I believe a guy won the Scottish Amateur and was runner up in the Amateur Championship a few years back playing cack handed.

Just another unorthodox way to grip the club, up to the OP to decide where to progress from here but it would be interesting to see what some teaching pro's take on it is.


----------



## Dougall360 (Jun 16, 2020)

Really appreciate all the feedback and comments. 
I think I could continue playing the way I'm playing and not changing anything however I would need to get really good myself. 
I think by taking a few weeks to get used to the conventional grip, I will find it easier to take action on advice that I get from my swing etc. 

Although there are people who play cack handed, I don't think there are enough that convince me its okay to not change anything. 

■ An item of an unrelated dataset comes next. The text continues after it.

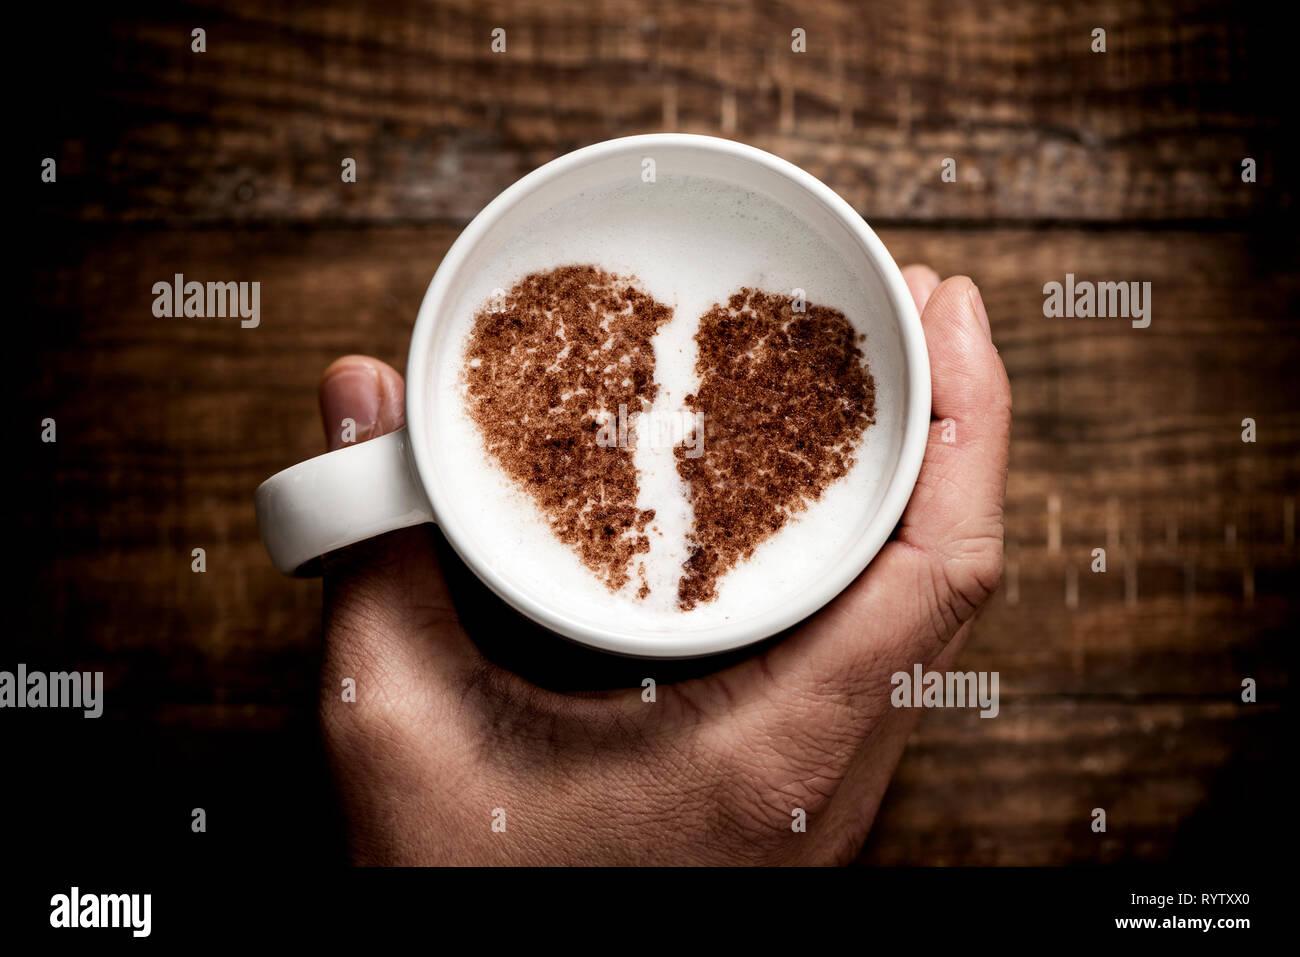 Un alto ángulo de visualización de un hombre caucásico sosteniendo una taza de cerámica blanca de capuchino, con el corazón roto dibujado con cacao en polvo sobre la espuma de leche, en un rusti Imagen De Stock

A tricky one but I guess all golfers need to make adjustments in their game at some point if they want to improve.


----------



## Orikoru (Jun 16, 2020)

Have you ever tried playing left-handed?


----------



## Wellens89 (Apr 11, 2021)

I play cross handed myself as a regular grip just feels too unnatural. Problems regarding loft will go with practice as I had the same issue but now hit a straight 290+yd drive. I find that standing behind the ball, then walking into the shot to set up and taking 10% out of swing speed has worked wonders. If you have only played twice in a year before now then you are still at the beginning and you should keep practicing. It'll come. Don't switch.


----------



## AliMc (Apr 12, 2021)

One of our Assistant Pro's at Dunbar (fully pga qualified) plays cack handed, played off +4 as an amateur, his father was also a Pro and told him just to stick with it if that was what he was comfortable with


----------



## jim8flog (Apr 13, 2021)

I hope Dougall has made a decision by now.


----------



## wooly654 (Dec 29, 2021)

I have always played cack handed but one thing I cannot do is use a driver. The slice is just unplayable. I have tried the normal grip but I cannot get the same distance
Any cack handed players got any advise to try and correct the slice or should I swap the grip and try and get better with that.
I have no issues playing with irons cack handed.


----------



## Ethan (Dec 29, 2021)

Dougall360 said:



			Hi there

I love the game of golf and used to play about twice a year. Within the past year though I've been playing every week and I'm loving it. I want to take my game to the next level.
I don't know why but when I stated playing, I gripped the club cross handed (cack handed). This now feels comfortable to me as it's something I'm used to.
Do you think I should change the way I grip the club in order to help my game? I hit the ball as well as the people that I play with but it's not consistent. I struggle to drive the ball well also but I feel this is down to my technique rather than my grip.
Any advice would be welcome
		
Click to expand...

Have you considered keeping your hands where they are but changing the direction the club face points?


----------



## HomerJSimpson (Dec 29, 2021)

wooly654 said:



			I have always played cack handed but one thing I cannot do is use a driver. The slice is just unplayable. I have tried the normal grip but I cannot get the same distance
Any cack handed players got any advise to try and correct the slice or should I swap the grip and try and get better with that.
I have no issues playing with irons cack handed.
		
Click to expand...

Simple if somewhat boring answer is talk to a PGA pro. They should be able to correct the grip to something more conventional and definitely fix the face to path relationship with your driver to sort the slice out.


----------



## jim8flog (Dec 29, 2021)

Ethan said:



			Have you considered keeping your hands where they are but changing the direction the club face points?
		
Click to expand...

 See date of thread and the OP has only posted 8 times since joining.


----------